Problem to solve: In the entries that follow, find the line containing "Gesetzblatt (GBl.) der" and the line containing "Vintage ESPN T Shirt - L", then retype exactly the lines from the first through the second, pictures excluded.

Records to process:

=== Begin Enclosure ===

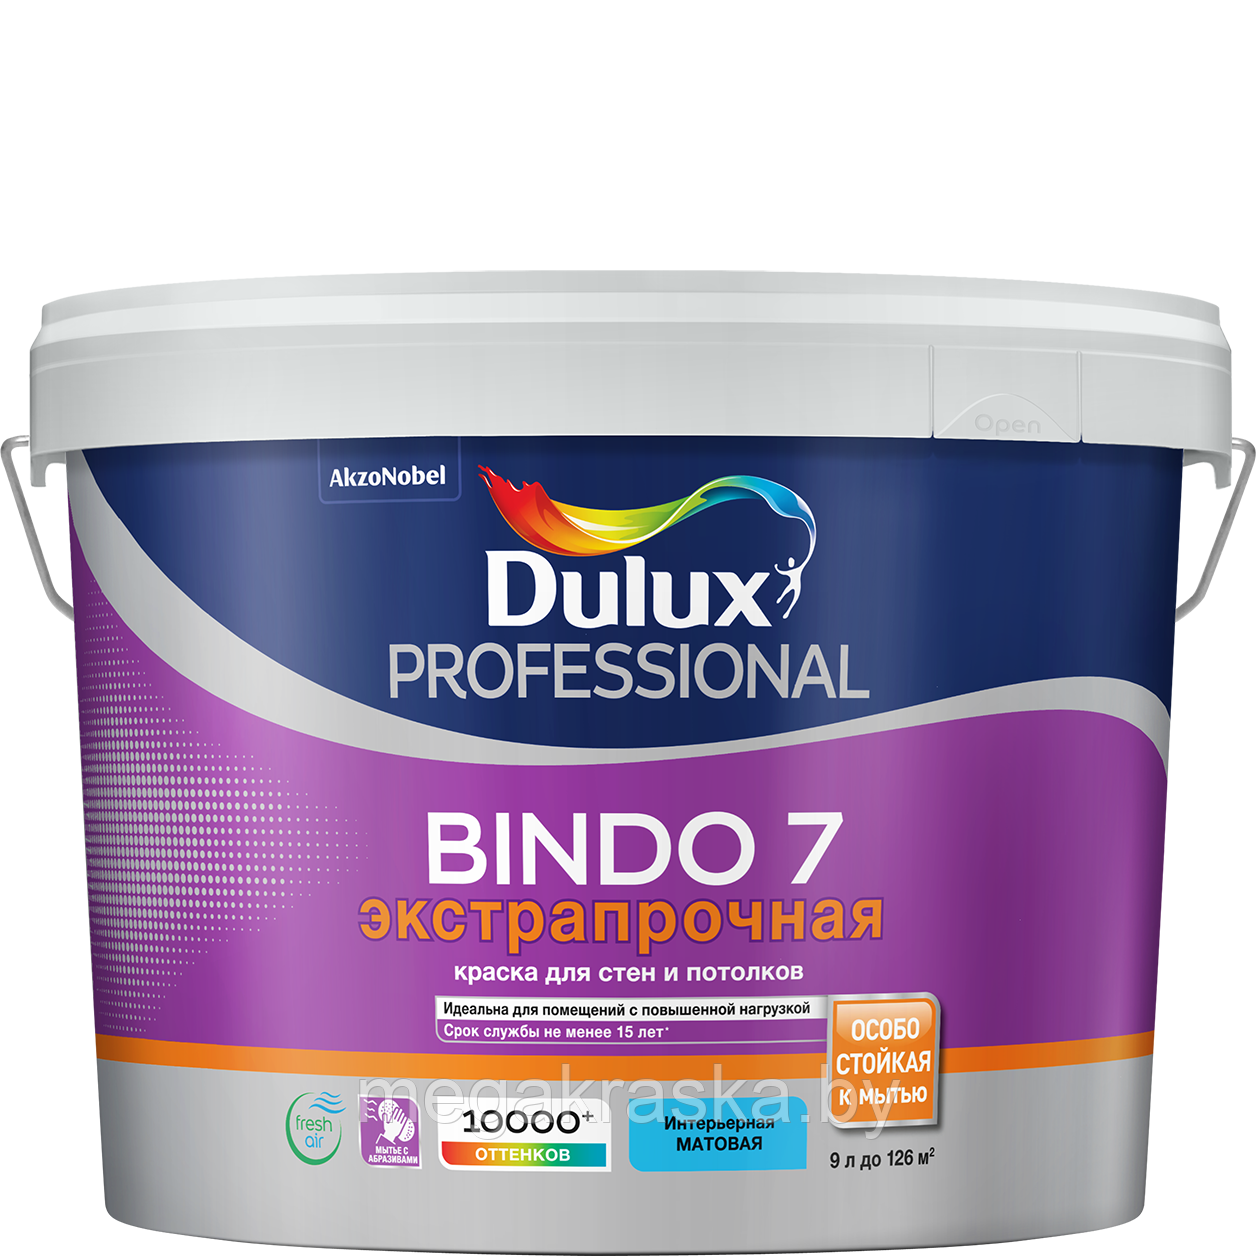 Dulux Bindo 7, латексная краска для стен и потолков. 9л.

=== End Enclosure ===
=== Begin Enclosure ===

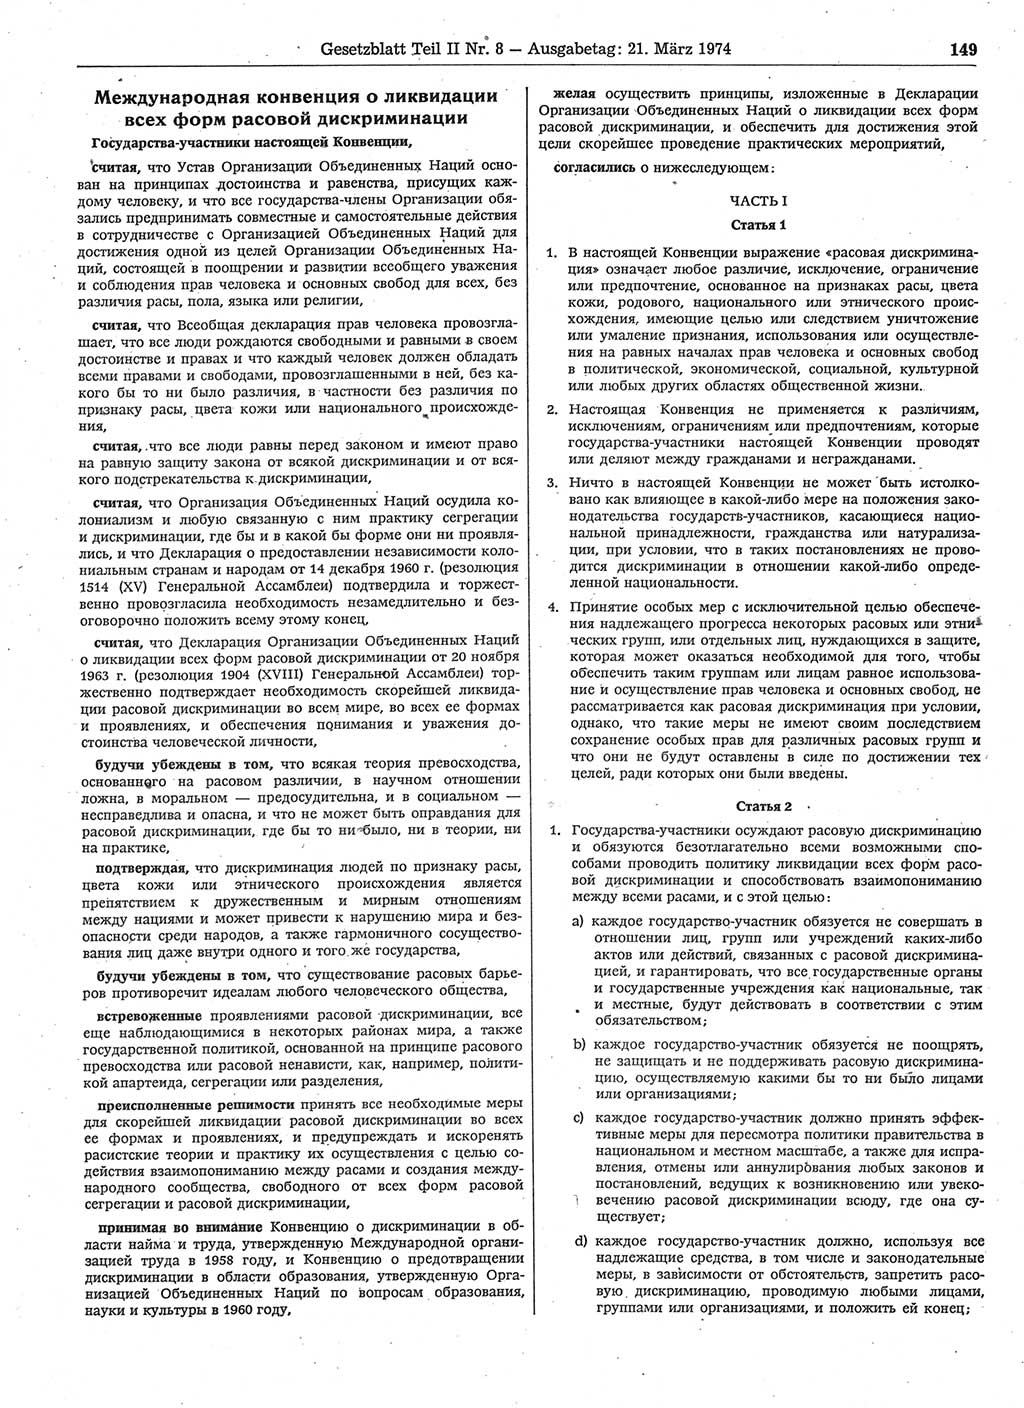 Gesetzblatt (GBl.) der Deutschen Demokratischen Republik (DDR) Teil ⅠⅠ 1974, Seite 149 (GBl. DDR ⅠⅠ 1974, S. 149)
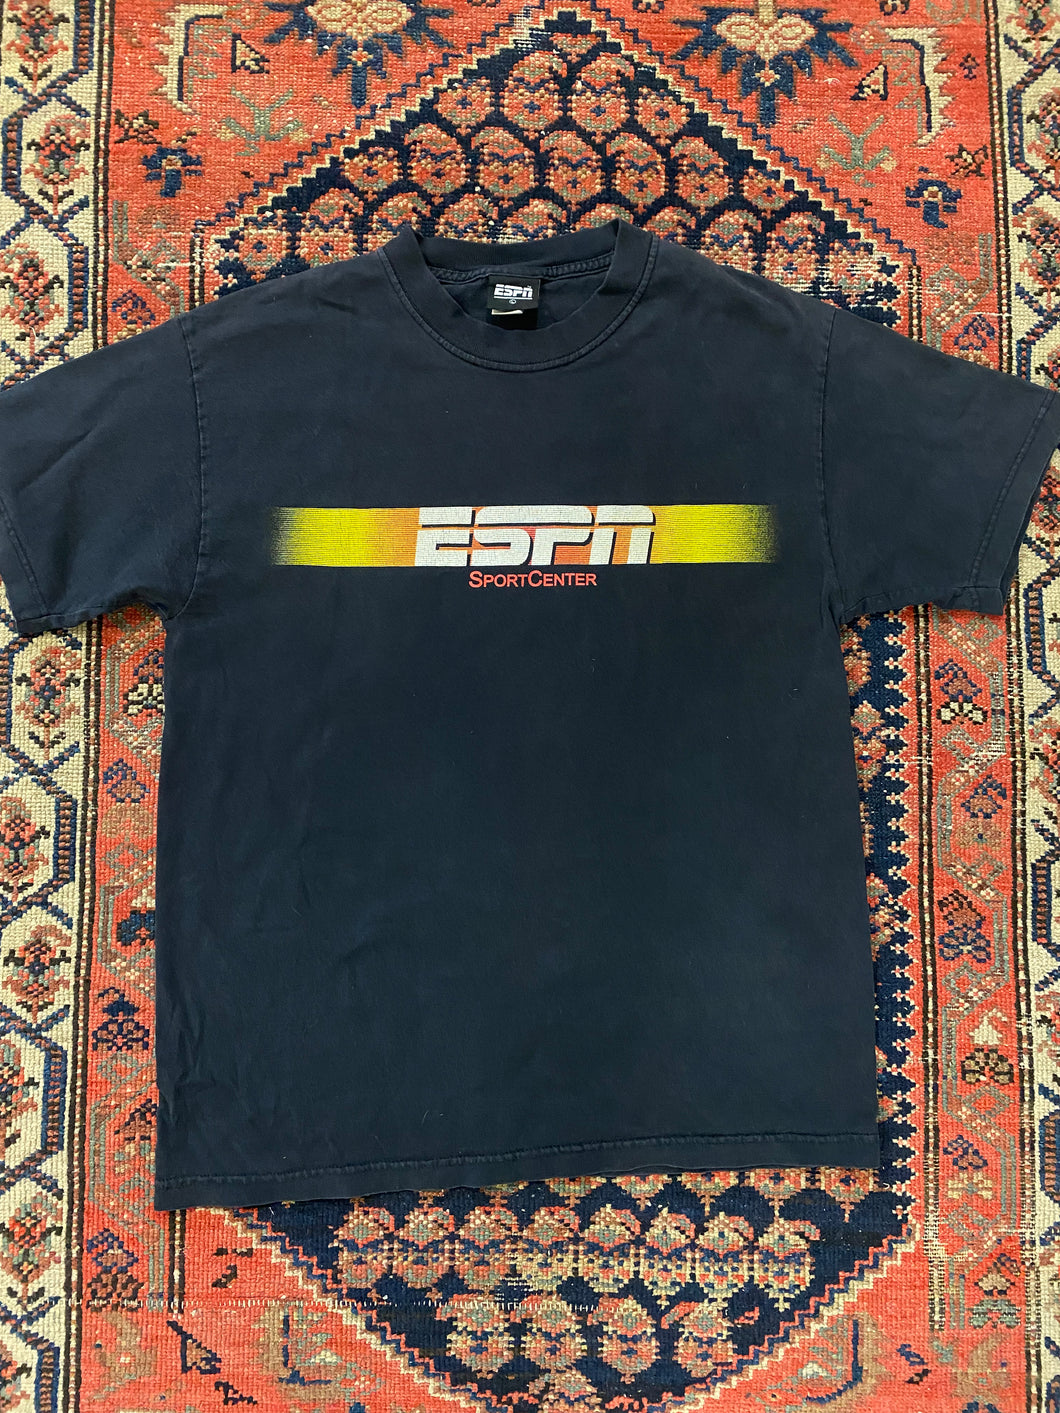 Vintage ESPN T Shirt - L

=== End Enclosure ===

Task response:
 Gesetzblatt (GBl.) der Deutschen Demokratischen Republik (DDR) Teil ⅠⅠ 1974, Seite 149 (GBl. DDR ⅠⅠ 1974, S. 149)
 Vintage ESPN T Shirt - L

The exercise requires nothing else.